# Fiberglass cure time



## wallybygolly (Jul 2, 2006)

How long do I need to leave for the resin to cure fully before I paint over it and put the boat in the water? The only thing I can get at the boat yard for the next month is 3 days over a weekend...think is going to be a problem?

Figured like this:

Day 1: Cut bad fiberglass out, dewax, lay backing plate, start grinding (maybe)

Day 2: Finish grinding, lay the fiberglass, sand rest of bottom

Day 3: Paint bottom

Day 4: (Monday) drop back in water

Am I leaving enough time for everything to cure/dry?

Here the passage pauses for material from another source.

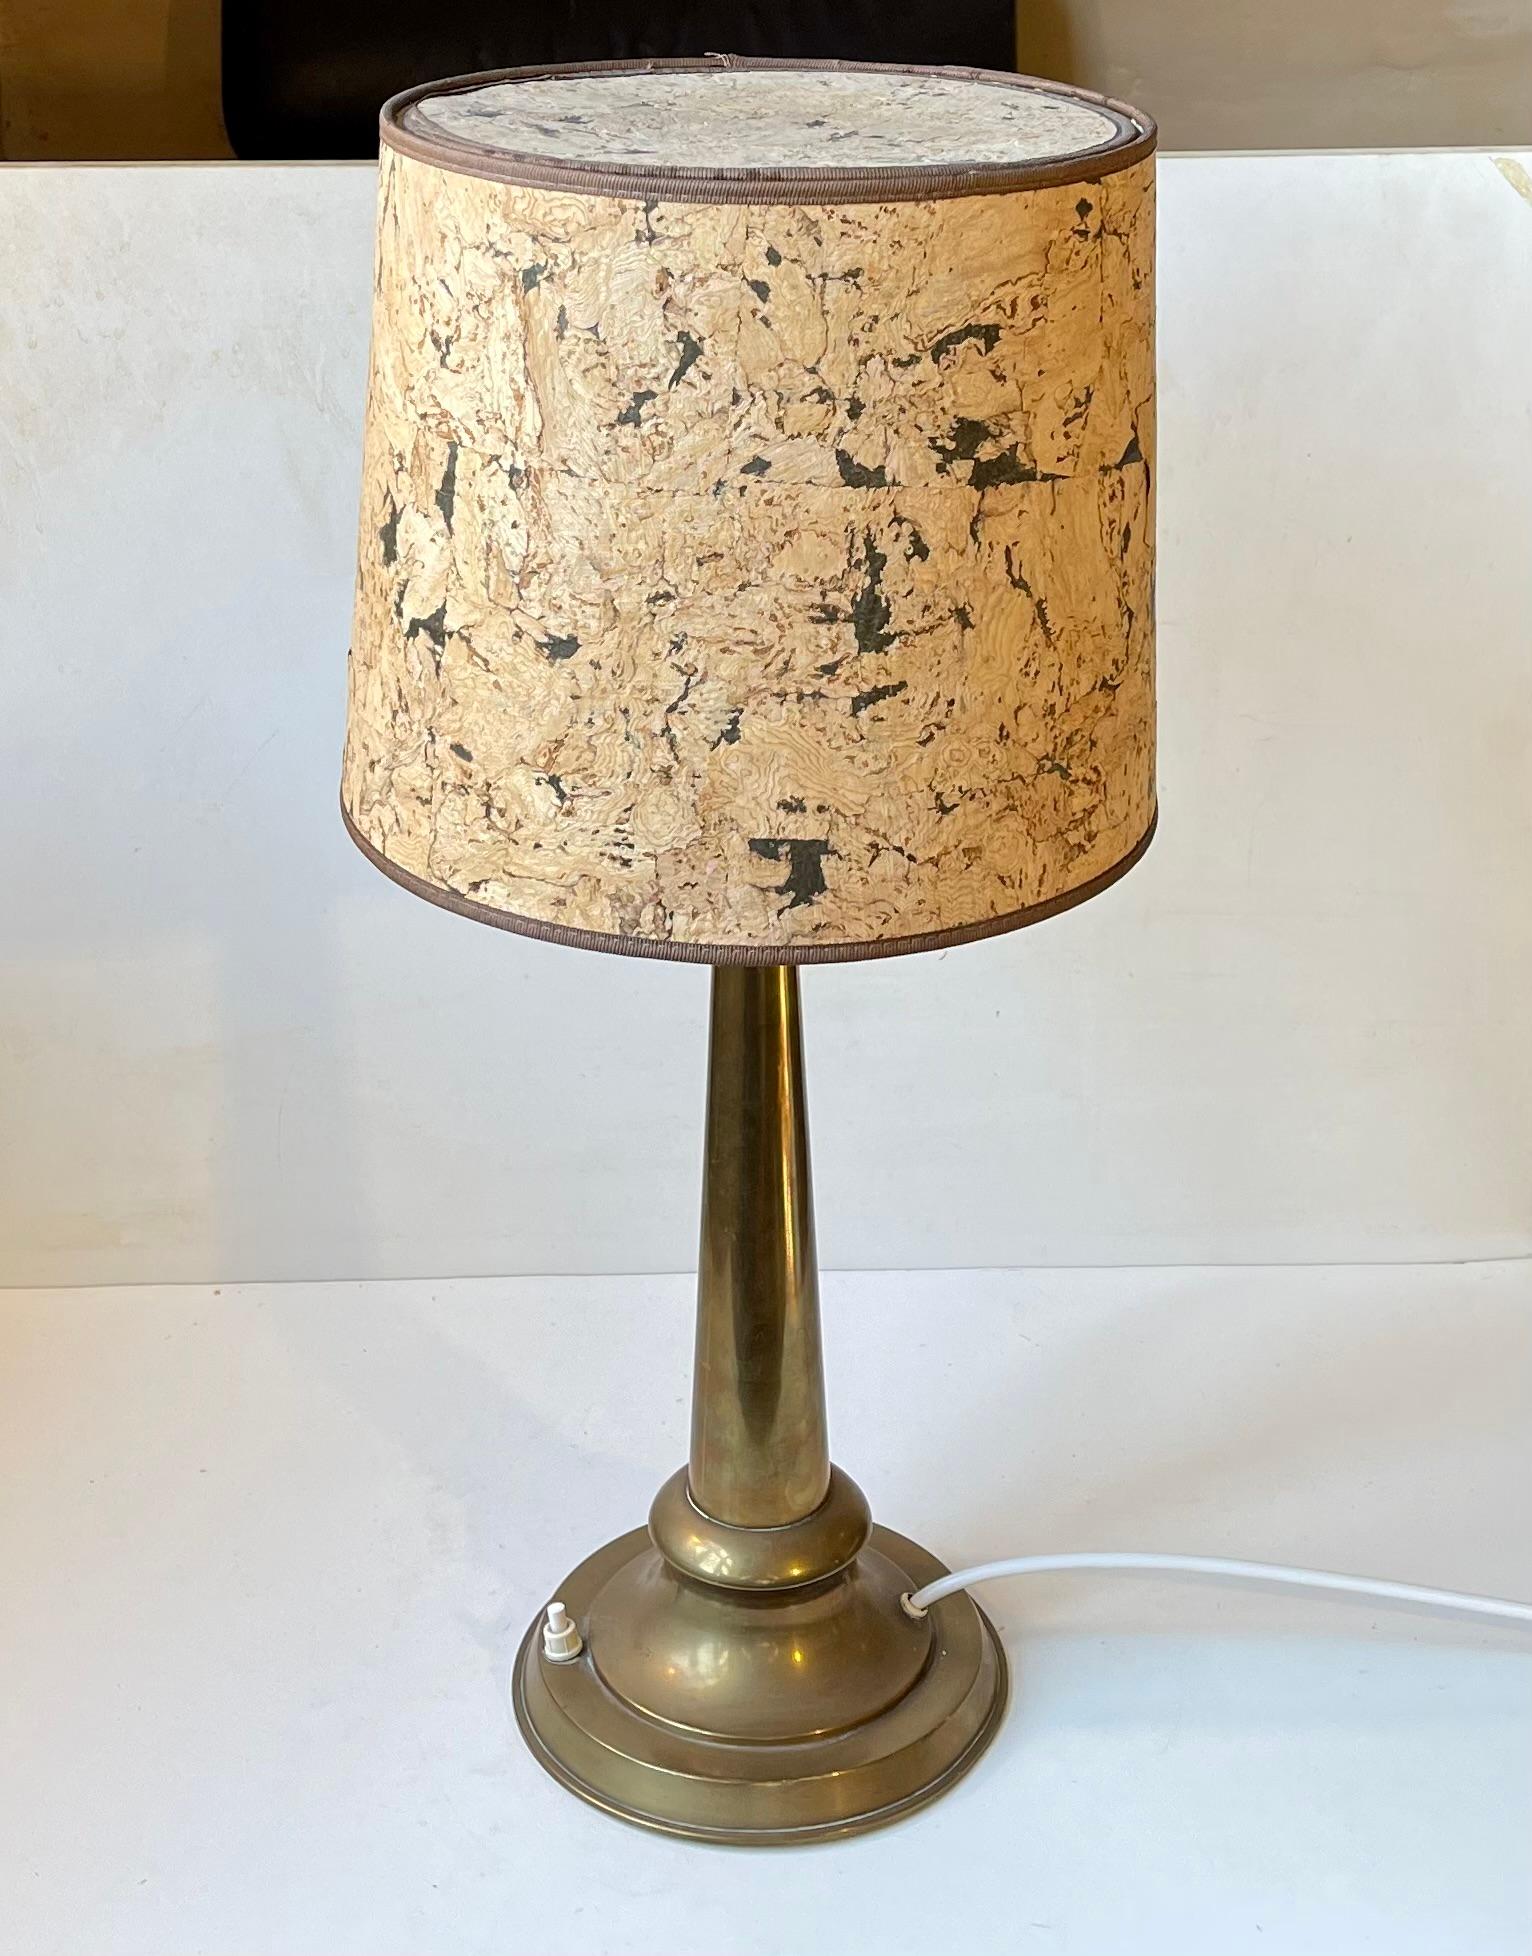 A column shaped brasss table light featuring a handmade cork shade. A very rare vintage shade configuration. Its a large desk or table lamp with a height of 57 cm and featuring an on/of switch to its base. Measurements: Diameter: 27/14 cm

Weather will be in the 80s...sunny...about 50-65% humidity.

Thanks.


----------



## sailingdog (Mar 19, 2006)

*It depends... * You don't say what brand of resin you're using, or whether you're using the fast curing hardener, the standard hardener or the slow-curing hardener.

Your best bet is to ask the manufacturer for their recommendation on what you are doing...

Also, you're making the assumption that it isn't going to rain...but you don't say where you're located. In many parts of the country, early March is a good time for rain or if you're further north, snow. _You've probably just jinxed yourself by saying that it will be dry, hot and sunny... so if it rains all that weekend, don't be too surprised. _


----------



## wallybygolly (Jul 2, 2006)

I'm in Hawaii, and down by the coast if it does rain, it will be in the morning for only a few minutes...but yeah, I can pretty much predict what the weather will be like next weekend. 

I heard good things about West System...the 105, I think, specifically. So unless, somebody offers a better alternative, that is what I think I'll be doing. I'll be picking up the recommended West System hardner as well.


----------



## sailingdog (Mar 19, 2006)

In that case, I'd go to westsystem.com and see what they say.


----------



## wallybygolly (Jul 2, 2006)

Their website was a great help...they are saying 1-4 days for it to fully cure. What they didn't say was if that could be underwater or not...anybody know? I'm looking through Google as we speak...


----------



## k1vsk (Jul 16, 2001)

most of the West system products have inhibitors to prolong shelf life which works against you in curing time regardless of what it says on the label. The resin will not FULLY cure that fast and even if it does, you'll still need to thoroughly remove the amine blush residue. I'm sure people have done it as quickly as you propose but that timeframe is not the best, particularly below the waterline.

You'd be bettert served to get a good vinylester resin from a reputable mfg and make the extra time to allow proper curing.


----------



## SailorMitch (Nov 18, 2005)

I used MAS epoxy when I barrier coated my boat, and they said to allow 6 days for a full cure. I highly recommend MAS by the way. But whatever product you use, call them to discuss your situation. You don't want to have to do this over again because you rushed it.


----------



## sailingdog (Mar 19, 2006)

You really don't want this repair to fail because you rushed it, since it sounds like you're patching a hole.


----------